The policeman's Captain questioned the prisoner a full day and night. At the end of that time he retired for a few hours of sleep after learning only two minor facts, the code name for the espionage network and the unknown disease that had caused the corporal's backache. The policeman was told to stay in the room and not take his eyes off the corporal.

The corporal, little more than a boy, had the delicate features and delicate body of a young girl. Dead leaves blew in through the window along with the cool autumn air. The boy asked if he could use the policeman's overcoat, and the policeman gave it to him after first emptying out the pockets.

There was a secret in that overcoat that had tormented the policeman ever since it was issued to him in the winter of 1935, a secret that had to do with size. In the supply shipment received by his unit that year there had been included a monstrous mistake by the manufacturer, an overcoat so large it could have gone around three or four large men.

The policeman, who was small, was given the coat as a joke and told not to cut it but to take it in, a project that had lasted just over a week. During that time he went about in the cold weather unprotected while the other men ridiculed him.

The young corporal now turned the overcoat over before putting it on. He saw where it had been roughly stitched. Suddenly he held it up and laughed.

What's so funny? said the policeman.

This is, said the boy.

Why?

Because I made it. That coat got me fired from the factory. I was thinking about my mother and the coat came out all wrong, so they fired me. I had to do something, so I went into the army. If it weren't for that coat I wouldn't be here today.

The boy stopped laughing. He moaned the name Miya and began to cry.

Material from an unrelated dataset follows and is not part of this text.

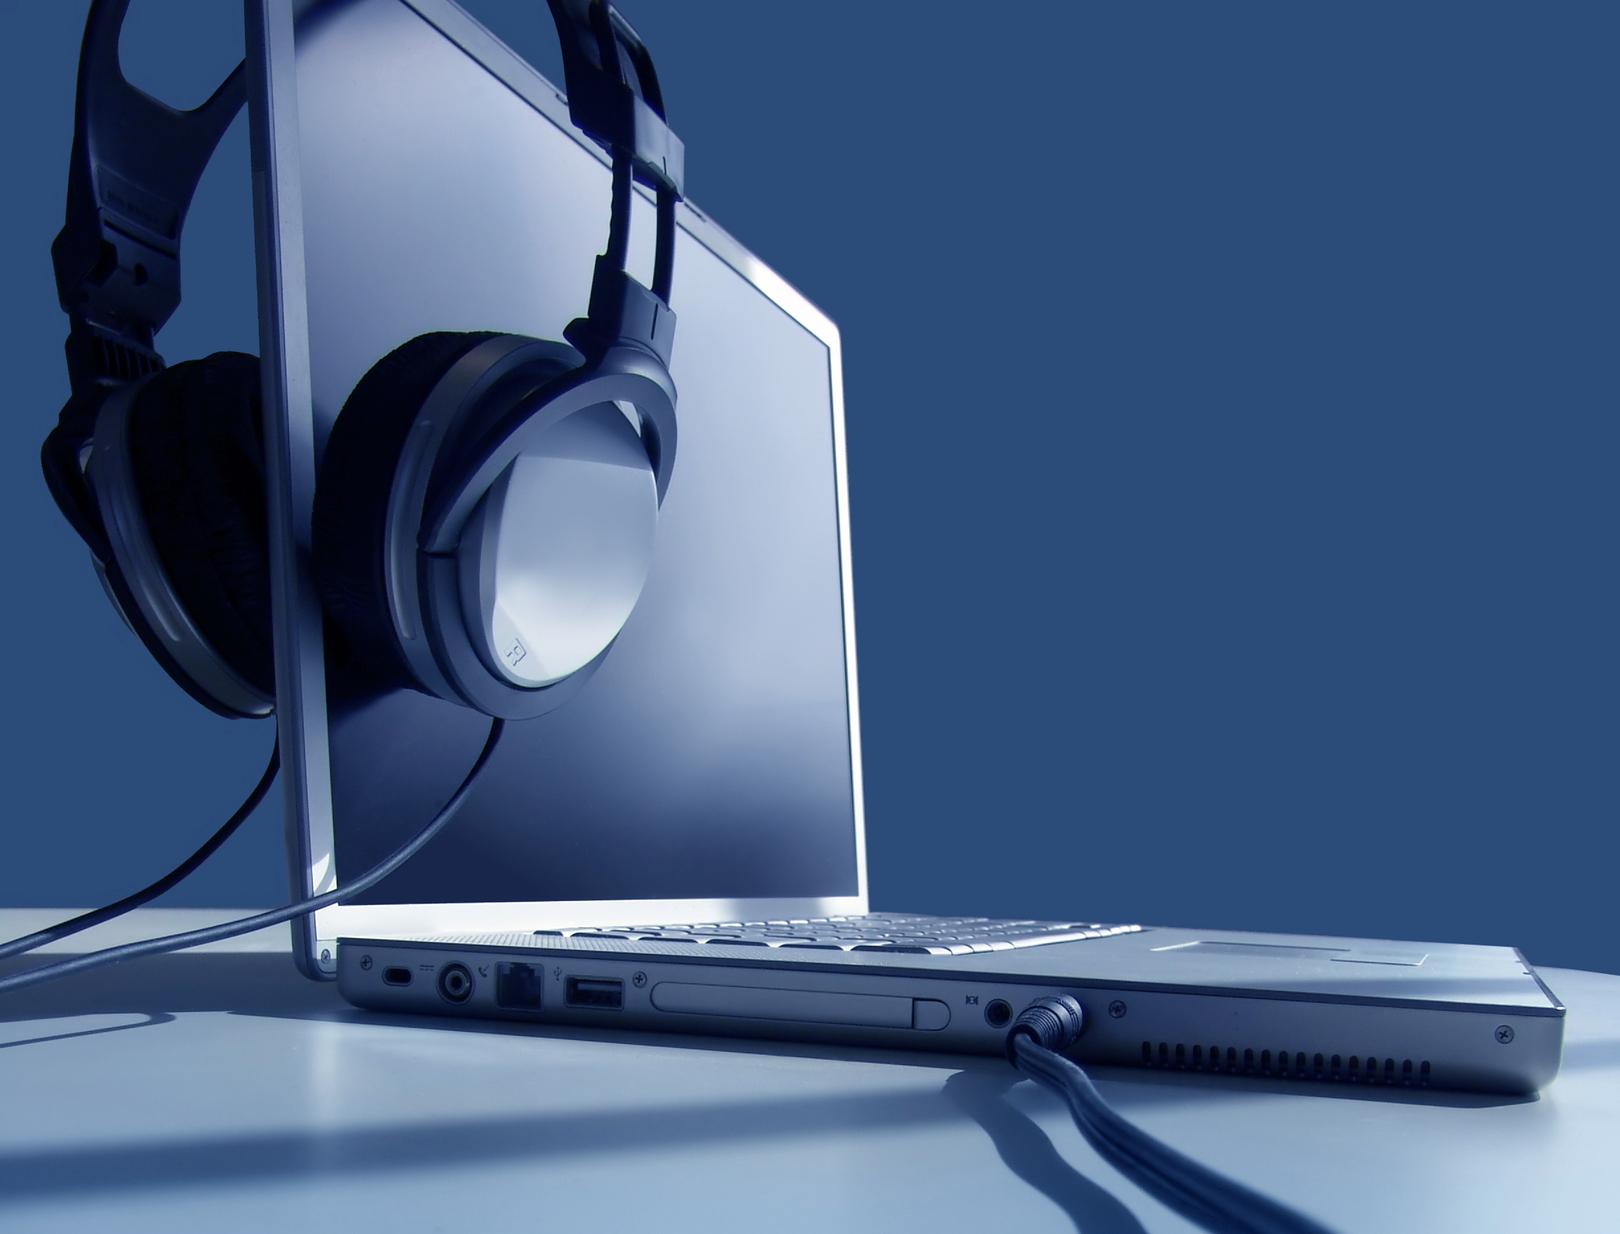 мет 24 знакомства онлайн для ноутбука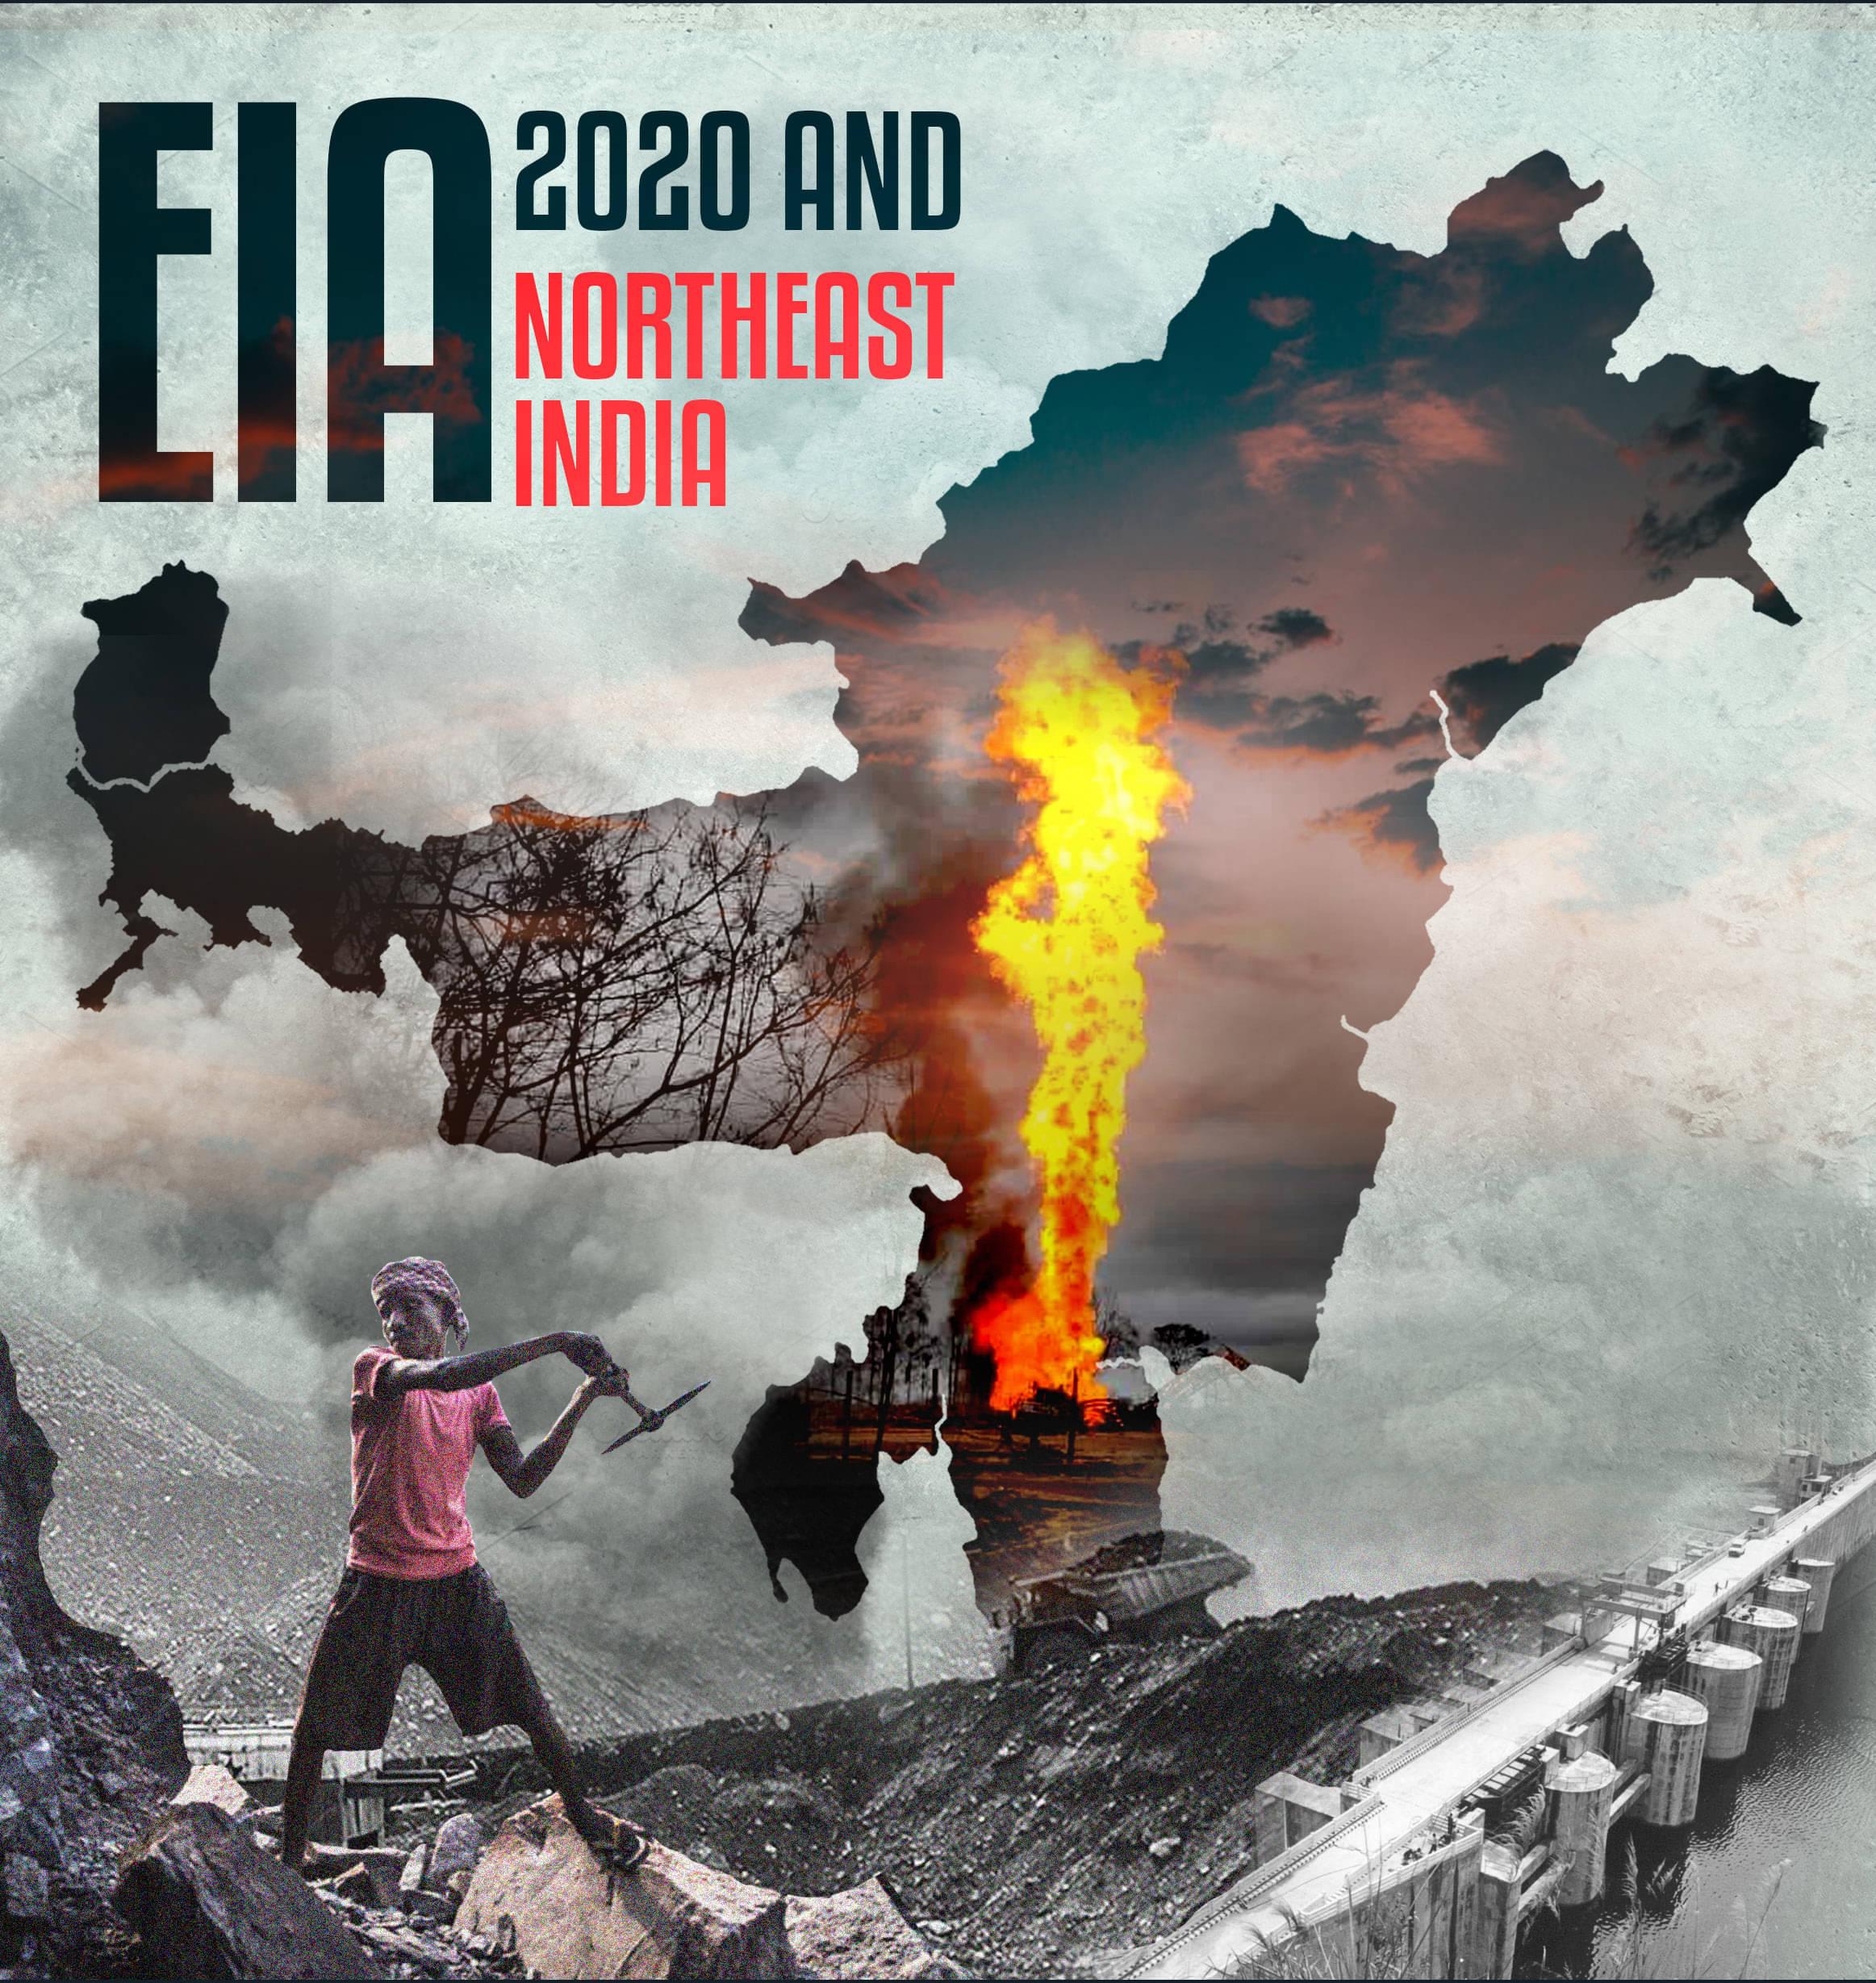 EIA 2020 AND NORTHEAST INDIA

The policeman didn't hear the name or see the tears, he saw only the jeering faces that had insulted him two years before when he was cold. The Captain came back an hour later to find the prisoner crumpled up in the corner, his head battered out of shape, his face unrecognizable. The policeman was sitting on the cushion by the window watching the dead leaves fall in the yard.

The Captain flipped the safety on his revolver, but at the last moment kept himself from shooting his subordinate in the head.

Soon afterward the Captain was standing in front of the desk of his commanding officer, a General, the man from the apartment in Shanghai who had once been his patron and protector. There was no need for the Captain to be told that the death of so important a prisoner was unpardonable. At the same time as he turned in his report he made a formal request that both he and the policeman be transferred to a front-line infantry unit.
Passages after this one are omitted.